_Data:_
****

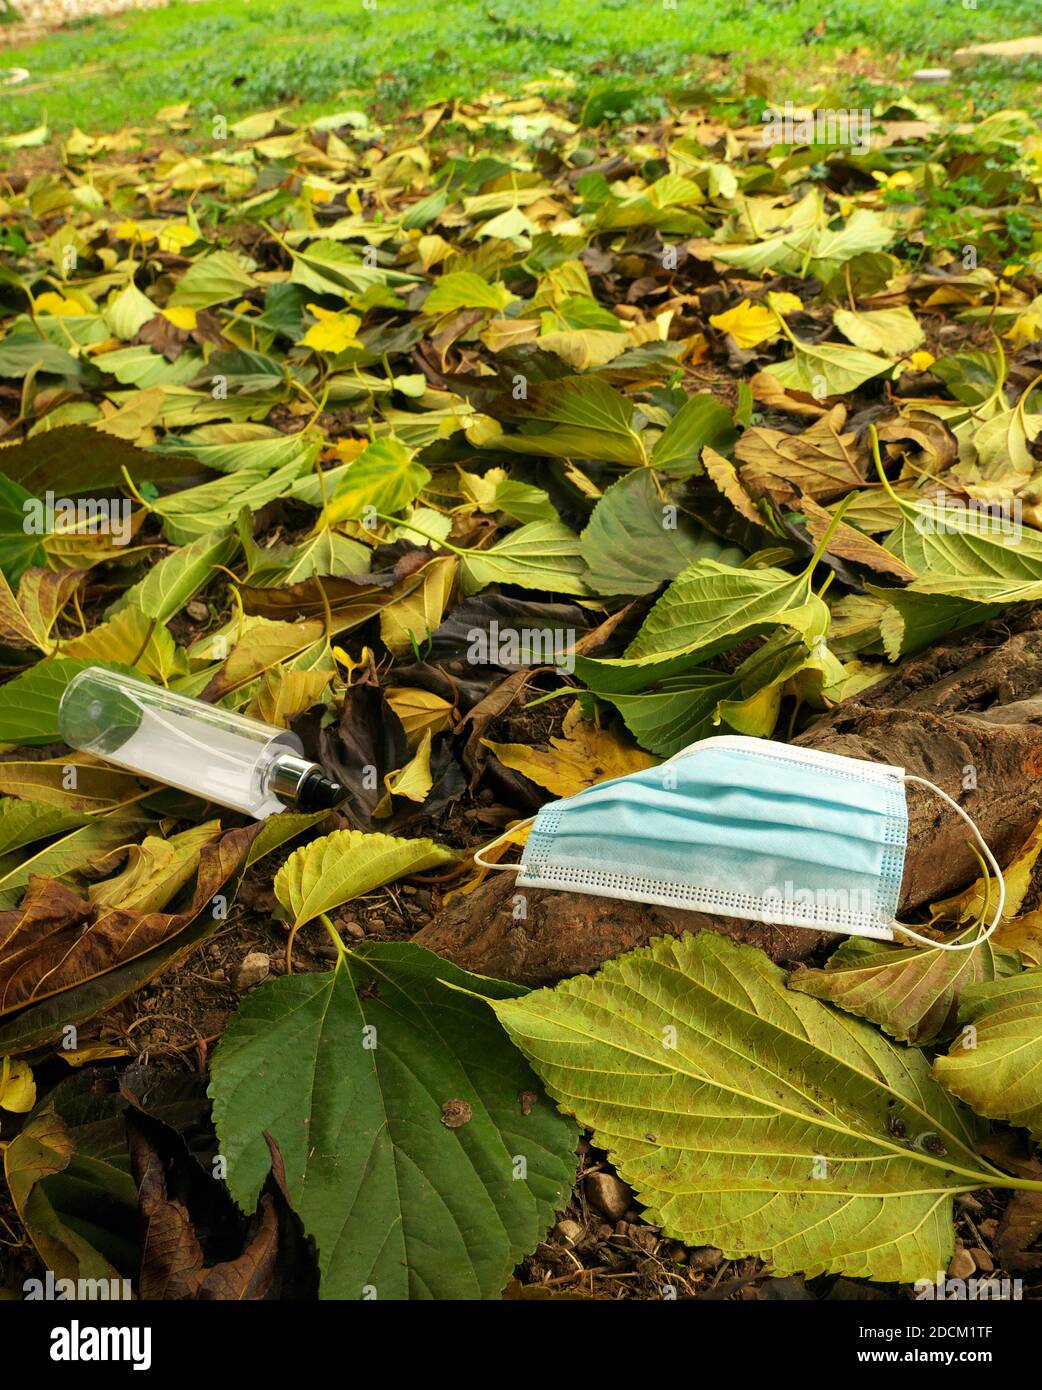 Maschera e gel idroalcolico gettati in natura al centro di foglie d'autunno Foto Stock
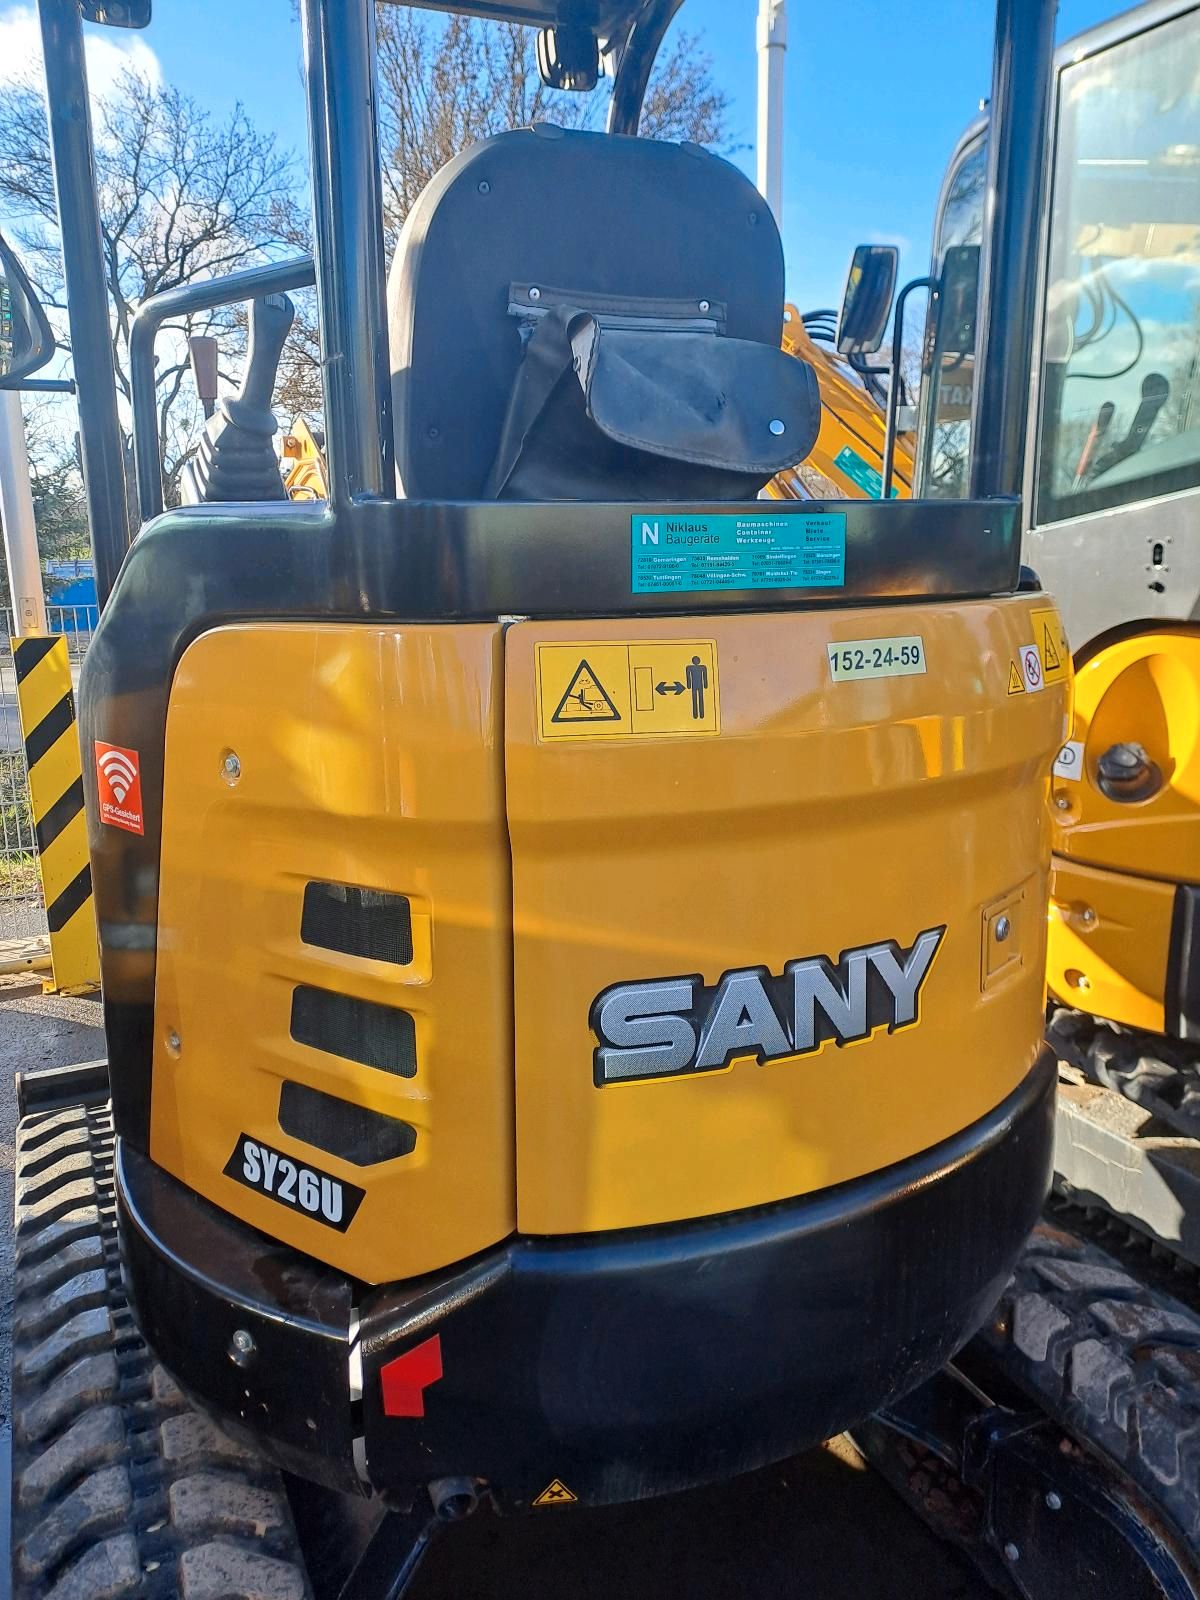 SANY SY 26U gebraucht kaufen / Minibagger bei Niklaus Baugeräte kaufen
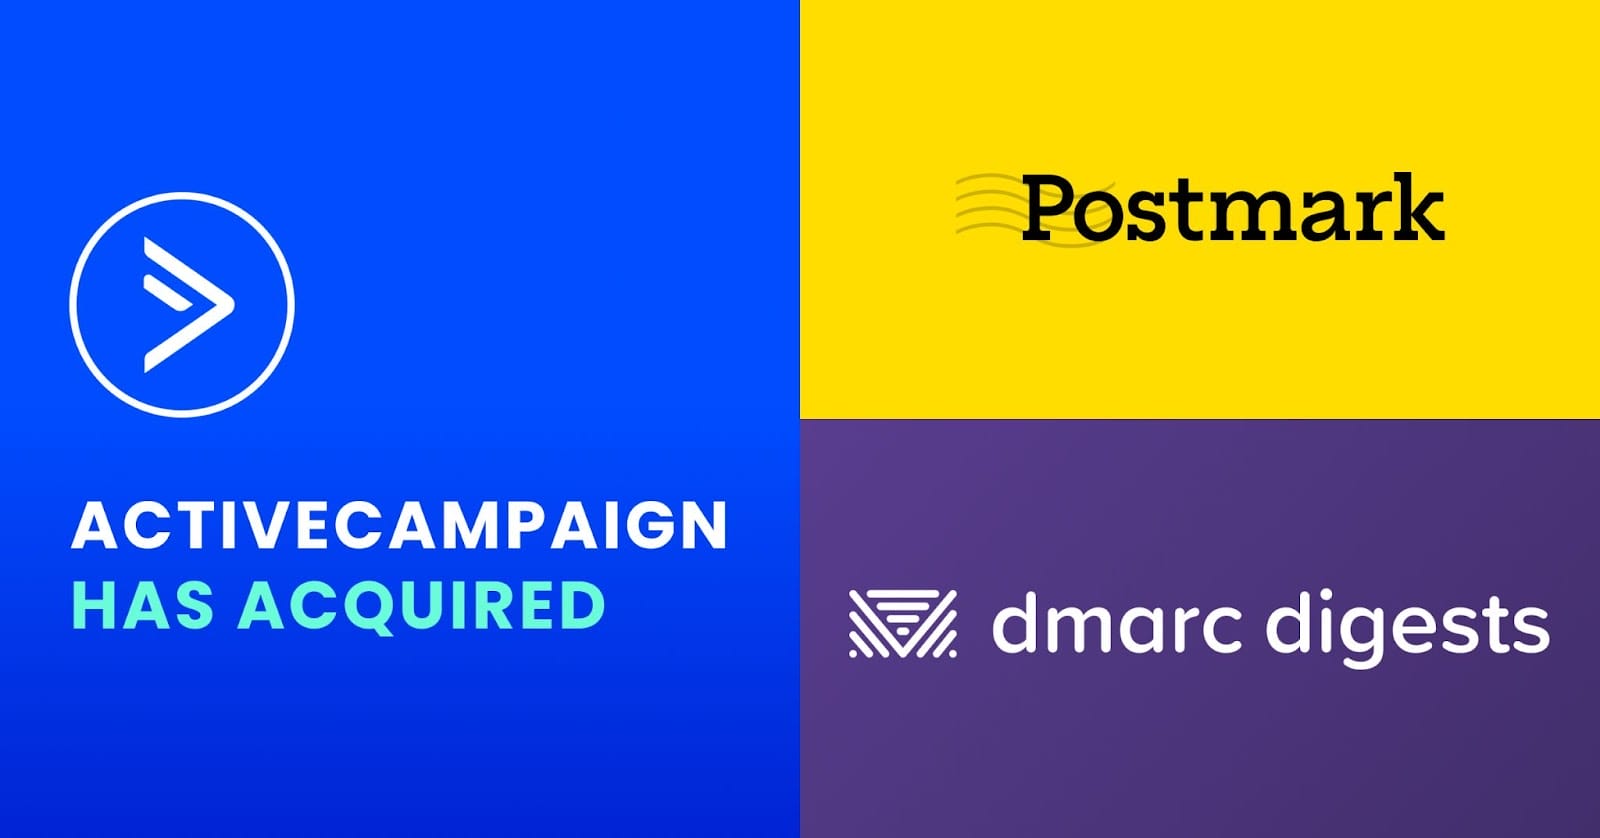 ActiveCampaign achiziționează Postmark și dmarc digests

****

_What needs to be done:_
Write out all the data exactly, minus pictures.

_Expected answer:_
 Maschera e gel idroalcolico gettati in natura al centro di foglie d'autunno Foto Stock
 SANY SY 26U gebraucht kaufen / Minibagger bei Niklaus Baugeräte kaufen
 ActiveCampaign achiziționează Postmark și dmarc digests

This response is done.